Verify the config state and disable stonith:

crm_verify -L -V
pcs property set stonith-enabled=false

And disable the quorum policy, as there are only two nodes:

pcs property set no-quorum-policy=ignore
pcs property

Proceed to create our VIP resource (IP: 172.16.70.210):

pcs resource create virtual_ip ocf:heartbeat:IPaddr2 ip=172.16.70.210 cidr_netmask=32 nic=eth0:0 op monitor interval=30s

VERY IMPORTANT NOTE: As our ethernet interfaces are named "eth0", we choose our eth alias as "eth0:0". Adjust this alias based on your ethernet names. Fail to do this properlly, and prepare to live in a world full of pain !.

As soon as we complete this command, we can see this IP ready in the node with "ip a" or "ifconfig". Note that the IP can be started on any of both nodes so check on both servers.

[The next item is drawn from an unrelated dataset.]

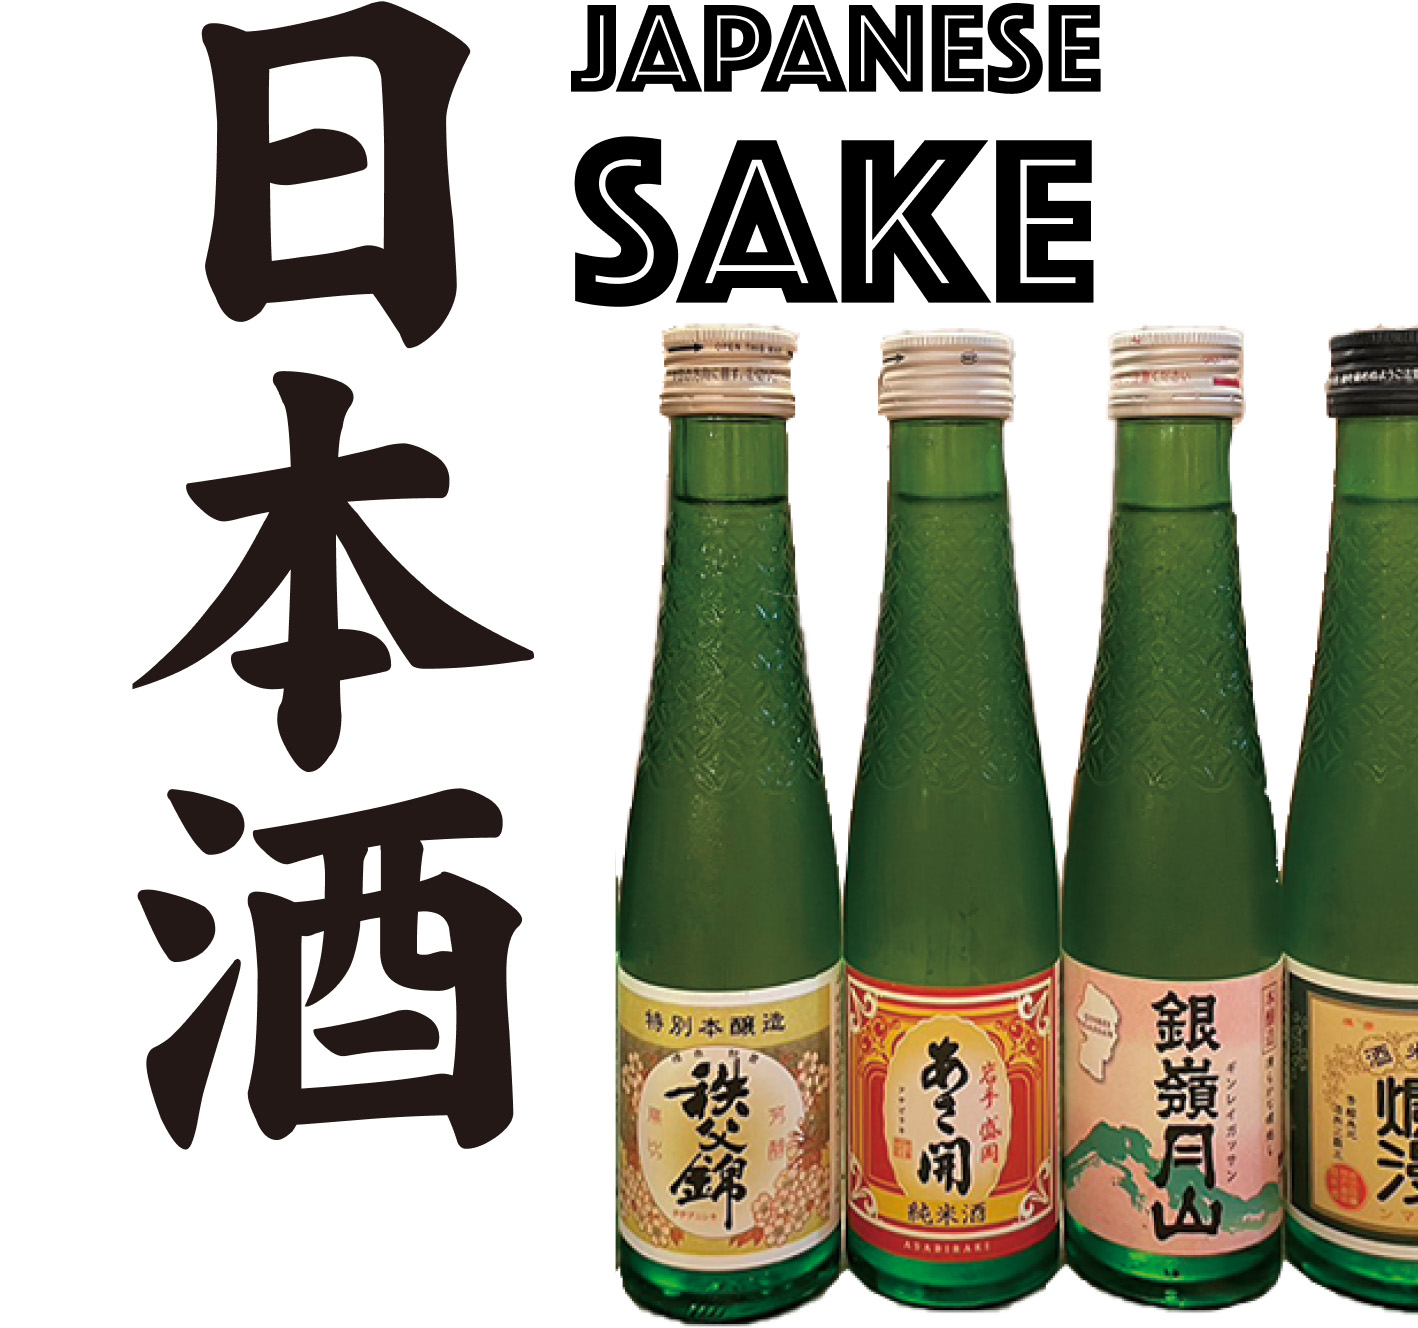 JAPANESE SAKE 日本酒

Verify the state of our resources:

pcs status resources


virtual_ip     (ocf::heartbeat:IPaddr2):       Started instance-172-16-70-51

At this point, we need to enable all our cluster related services IN BOTH SERVERS:

systemctl enable pcsd
systemctl enable corosync
systemctl enable pacemaker

BUGFIX: Due an existing bug with the corosync service, you'll need to include a 10 seconds delay in the systemd script. Please perform this VERY VITAL STEP IN BOTH SERVERS:

vi /usr/lib/systemd/system/corosync.service

After "[service]" section, add the following line:

ExecStartPre=/usr/bin/sleep 10

So the file new content will be:

[Unit]
Description=Corosync Cluster Engine
ConditionKernelCommandLine=!nocluster
Requires=network-online.target
After=network-online.target

[Service]
ExecStartPre=/usr/bin/sleep 10
ExecStart=/usr/share/corosync/corosync start
ExecStop=/usr/share/corosync/corosync stop
Type=forking

# The following config is for corosync with enabled watchdog service.
#
#  When corosync watchdog service is being enabled and using with
#  pacemaker.service, and if you want to exert the watchdog when a
#  corosync process is terminated abnormally,
#  uncomment the line of the following Restart= and RestartSec=.
#Restart=on-failure
#  Specify a period longer than soft_margin as RestartSec.
#RestartSec=70
#  rewrite according to environment.
#ExecStartPre=/sbin/modprobe softdog soft_margin=60

[Install]
WantedBy=multi-user.target

Proceed to save the file and reload systemctl daemon, again, in both servers:

systemctl daemon-reload

NOTE: Again, fail to do this very important step, and "again", prepare to live in a world full of pain !.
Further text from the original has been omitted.